Re: [PATCH] hwmon: xgene: Fix crash when alarm occurs before driver probe

From: Guenter Roeck
Date: Wed Sep 07 2016 - 00:35:43 EST


On 09/06/2016 08:46 PM, Hoan Tran wrote:
The system crashes during probing xgene-hwmon driver when temperature
alarm interrupt occurs before.
It's because
- xgene_hwmon_probe() requests PCC mailbox channel which also enables
the mailbox interrupt.
- As temperature alarm interrupt is pending, ISR runs and crashes when accesses
into invalid resource as unmapped PCC shared memory.

This patch fixes this issue by saving this alarm message and scheduling a
bottom handler after xgene_hwmon_probe() finish.


I am not completely happy with this fix. Main problem I have is that the
processing associated with resp_pending doesn't happen until init_flag is set.
Since the hwmon functions can be called right after hwmon_device_register_with_groups(),
there is now a new race condition between that call and setting init_flag.

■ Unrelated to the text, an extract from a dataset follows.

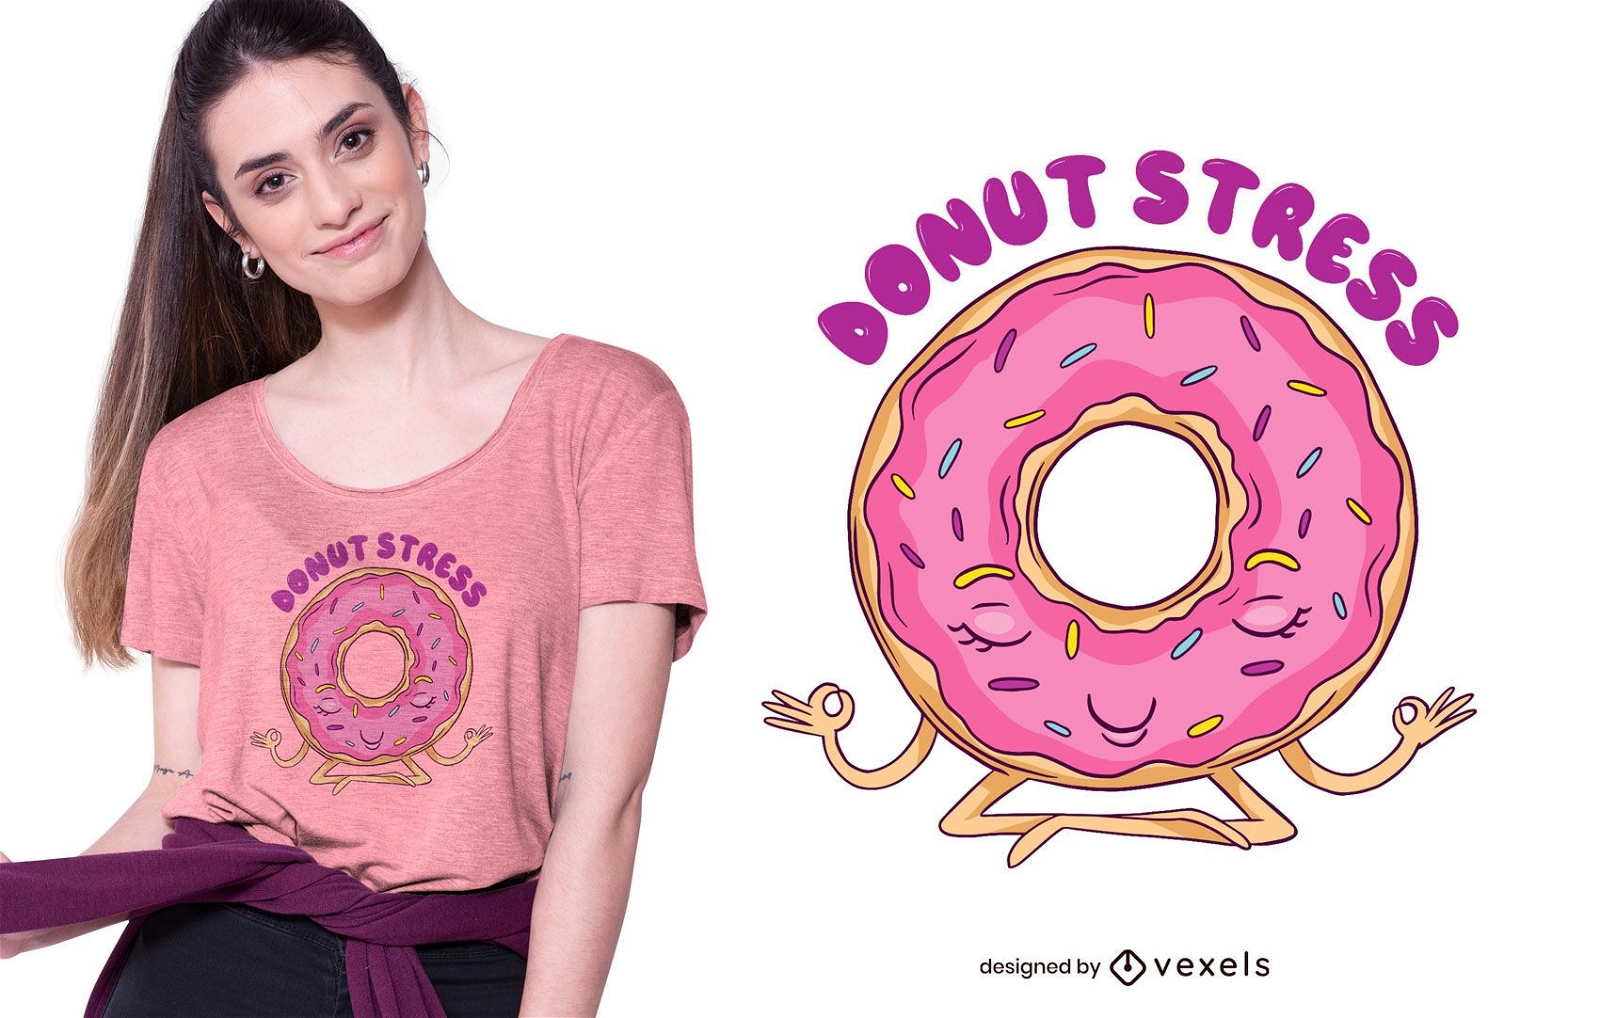 Donut stress t-shirt design

I am also a bit concerned with init_flag and rx_pending not being atomic and protected.
What happens if a second interrupt occurs right after init_flag is set but before
(or while) rx_pending is evaluated ?

On top of that, init_flag and thus the added complexity is (unless I am missing
something) only needed if acpi is enabled. Penaltizing non-acpi code doesn't seem
to be optimal.

How do other drivers handle this situation ? This must be a common problem
with all mbox users.

Thanks,
Guenter

Signed-off-by: Hoan Tran <hotran@xxxxxxx>
Reported-by: Itaru Kitayama <itaru.kitayama@xxxxxxxx>
---
drivers/hwmon/xgene-hwmon.c | 75 +++++++++++++++++++++++++++++++++------------
1 file changed, 56 insertions(+), 19 deletions(-)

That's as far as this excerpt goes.